Metadata-Version: 2.4
Name: msgpack-white
Version: 1.0.0
Summary: Determine the end of MessagePack data quickly
Author-email: Alex Kirchhoff <py-msgpack-white@kirchhoff.digital>
Maintainer-email: Alex Kirchhoff <py-msgpack-white@kirchhoff.digital>
License-Expression: BSD-3-Clause
Keywords: msgpack,MessagePack
Classifier: Development Status :: 5 - Production/Stable
Classifier: Intended Audience :: Developers
Classifier: Operating System :: OS Independent
Classifier: Programming Language :: Python :: 3
Classifier: Programming Language :: Python :: 3.9
Classifier: Programming Language :: Python :: 3.10
Classifier: Programming Language :: Python :: 3.11
Classifier: Programming Language :: Python :: 3.12
Classifier: Programming Language :: Python :: 3.13
Classifier: Topic :: File Formats
Classifier: Typing :: Typed
Requires-Python: >=3.9
Description-Content-Type: text/markdown
License-File: LICENSE
Dynamic: license-file

# msgpack-white

"MessagePack -- WHere Is The End?"

This package allows quickly determining the end of a MessagePack message.

## Usage

After installation, a single module `msgpack_white` is available, itself
containing a single class `White`.  A `White` object maintains the state of a
MessagePack stream:

```python
>>> import msgpack_white
>>> w = msgpack_white.White()
```

Suppose we have three objects:

```python
>>> o1 = bytes.fromhex("81A17801")
>>> o2 = bytes.fromhex("81A179A3616263")
>>> o3 = bytes.fromhex("C3")
>>> import msgpack
>>> msgpack.loads(o1)
{'x': 1}
>>> msgpack.loads(o2)
{'y': 'abc'}
>>> msgpack.loads(o3)
True
```

But we've packed them together into a stream:

```python
>>> stream = o1 + o2 + o3
```

msgpack-white will let you split this back out into the separate components o1,
o2, and o3, so that they can be decoded individually.
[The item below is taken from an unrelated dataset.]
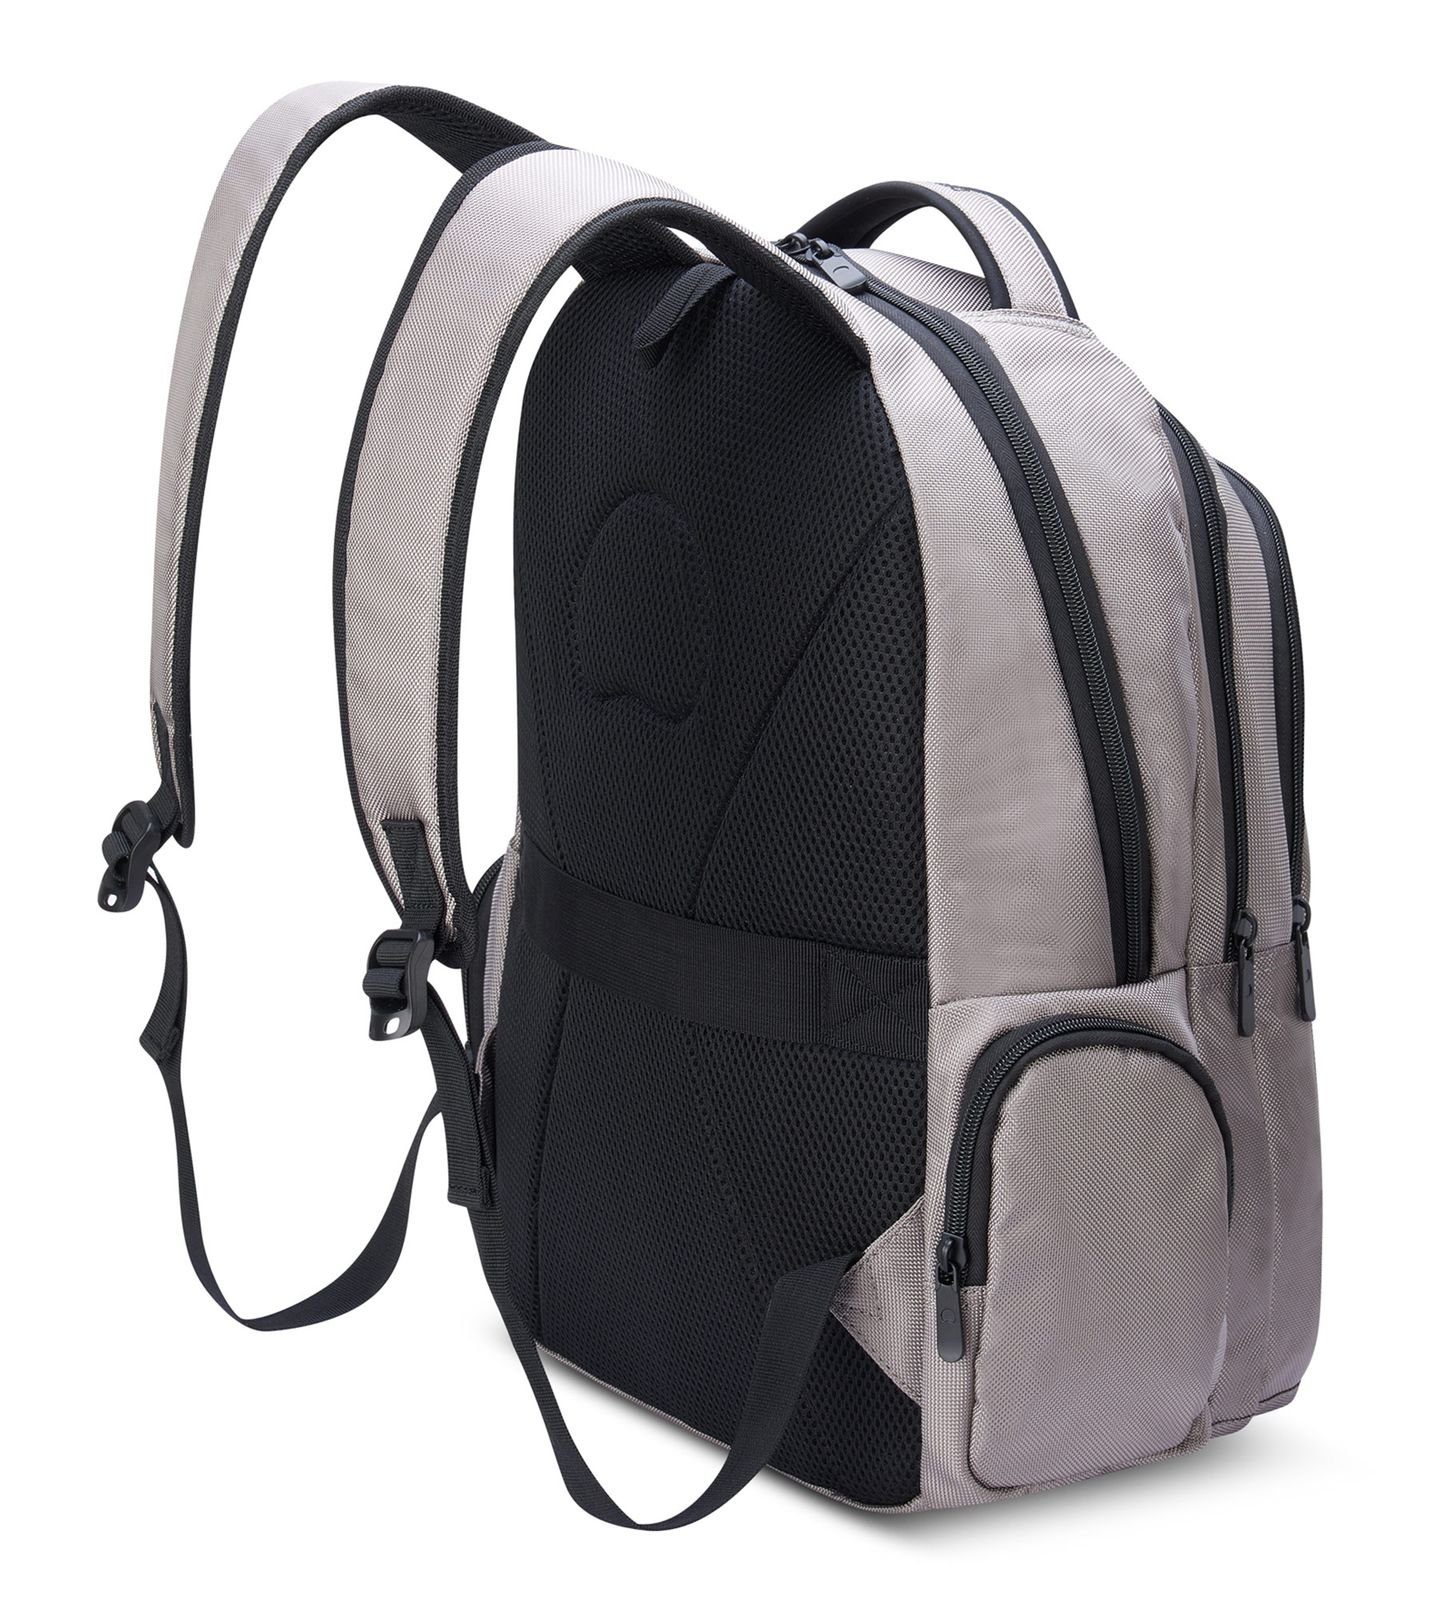 Element Grey Rucksack Backpacks Delsey

`White` objects have only a single method, `feed`.  You provide a byte string
(or other object supporting the buffer interface).  There are three possible
outcomes:

* The byte string you provided includes the end of an object.  In this case,
  `feed` will return the index into the byte string you provided at which the
  object ends.  The `White` object is automatically reset at this point, so to
  extract further objects, you'll need to re-feed the portion of the string
  after this point.
* The byte string you provided does not include the end of an object.  In this
  case, `feed` returns `None`.  The `White` object remembers everything that
  has been provided to it so far, so when you receive more data, you should
  only `feed` the new data you receive and not repeat any data that has already
  been provided to `feed`.
* The byte string you provided does not represent valid MessagePack data.  In
  this case, a `ValueError` is raised.  Since msgpack-white only does a very
  minimal parse of the data, this is not guaranteed to catch all invalid
  MessagePack messages, but it can catch some.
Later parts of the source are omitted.